Catholic bodies Cori and IMU join forces to create new association
Amalgamation talks for about three years were speeded up in the last 12 months.
The Rev Dr Frank Sellar: installed as moderator of the Presbyterian Church
Two of the largest entities in Irish Catholicism will join forces this week to become the Association of Missionaries and Religious of Ireland (Amri). It involves the amalgamation of the Irish Missionary Union (IMU) and the Conference of Religious of Ireland (Cori). It will be based at Cypress Grove, in Templeogue, Dublin.
Fr Hugh MacMahon of the IMU told The Irish Times that talks about amalgamation had been going on for about three years but had been speeded up in the last 12 months. Legally, civil and canonical issues may take up to six more months to resolve, he said, but Amri would be set up from next Friday and begin operations following a meeting today.
“A new general secretary will be appointed,” Fr MacMahon added, but a temporary appointment was expected to be made at today’s meeting. “Up to 80 per cent of IMU members are already in Cori,” he said, and that amalgamation made sense for other practical reasons such as “personnel, resources and finances”. It was “also an opportunity to set up a fresh organisation more adapted to the Irish situation and the changes in Ireland today”.
Cori was set up in 1983 as the Conference of Major Religious Superiors (CMRS) through the amalgamation of the two s conferences of men and women religious.
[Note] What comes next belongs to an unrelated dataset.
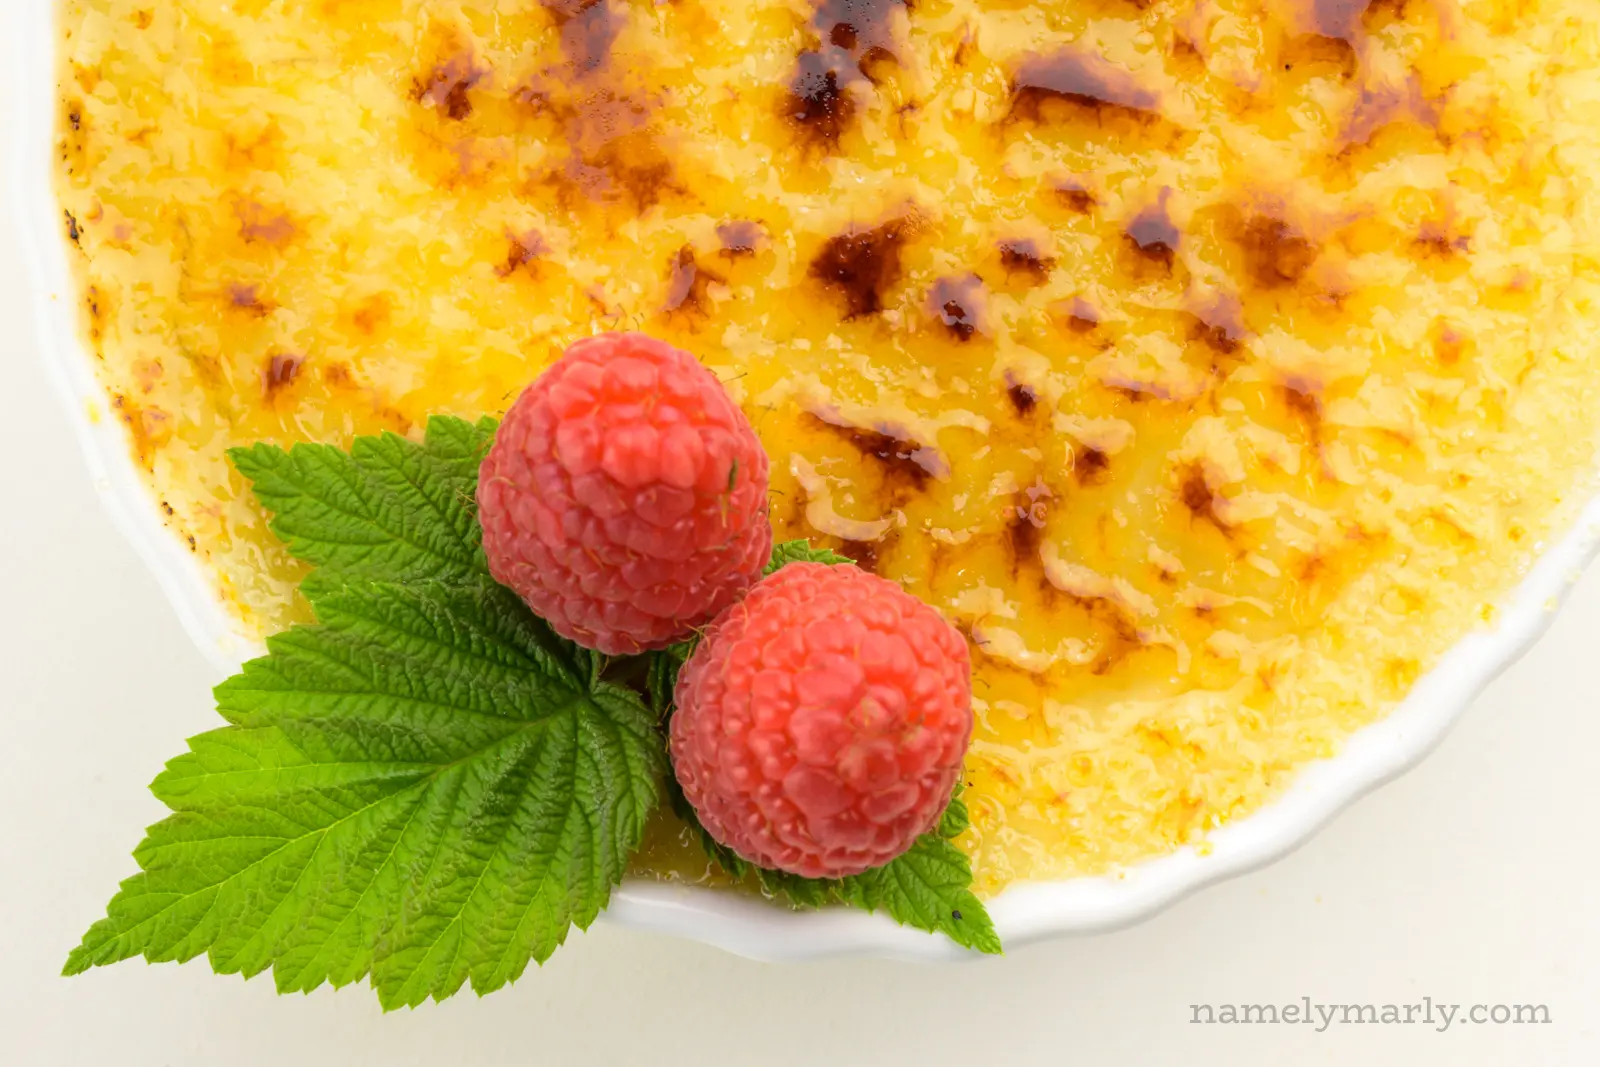 A close-up shot of creme brûlée in a ramekin with burnt sugar on top and raspberries on the side.

It changed its name to the Conference of Religious of Ireland in the 1990s. It has been suggested this was in response to a comment in the Dáil made in March 1990 by then taoiseach Charles Haughey who, dismissing a CMRS report on poverty, said he was “always a bit doubtful about any organisation that has ‘major’ and ‘superior’ in its title”.
Today, Cori has a membership of 136 religious congregations which represent more than 9,000 men and women religious in Ireland and abroad.
The IMU was set up in 1970. Currently, it has 1,500 members. Both organisations have an ageing membership, with the average age in the early 70s.
On Monday evening, the Presbyterian Church’s annual general assembly took place in Belfast, at which its outgoing moderator, the Rev Dr Ian McNie, said the church should not “retreat into the trenches” in the face of challenges. It “needs to step out into our world, proclaiming this message of God’s amazing grace with a conviction that is credible”.
Dr McNie was speaking as the new moderator, the Rev Dr Frank Sellar, was installed. Dr Sellar said there were “many good reasons why we may legitimately fear and hold grudges against those who wish us harm, but the Gospel tells us that perfect love casts out fear and where Jesus is present, fear is driven away”.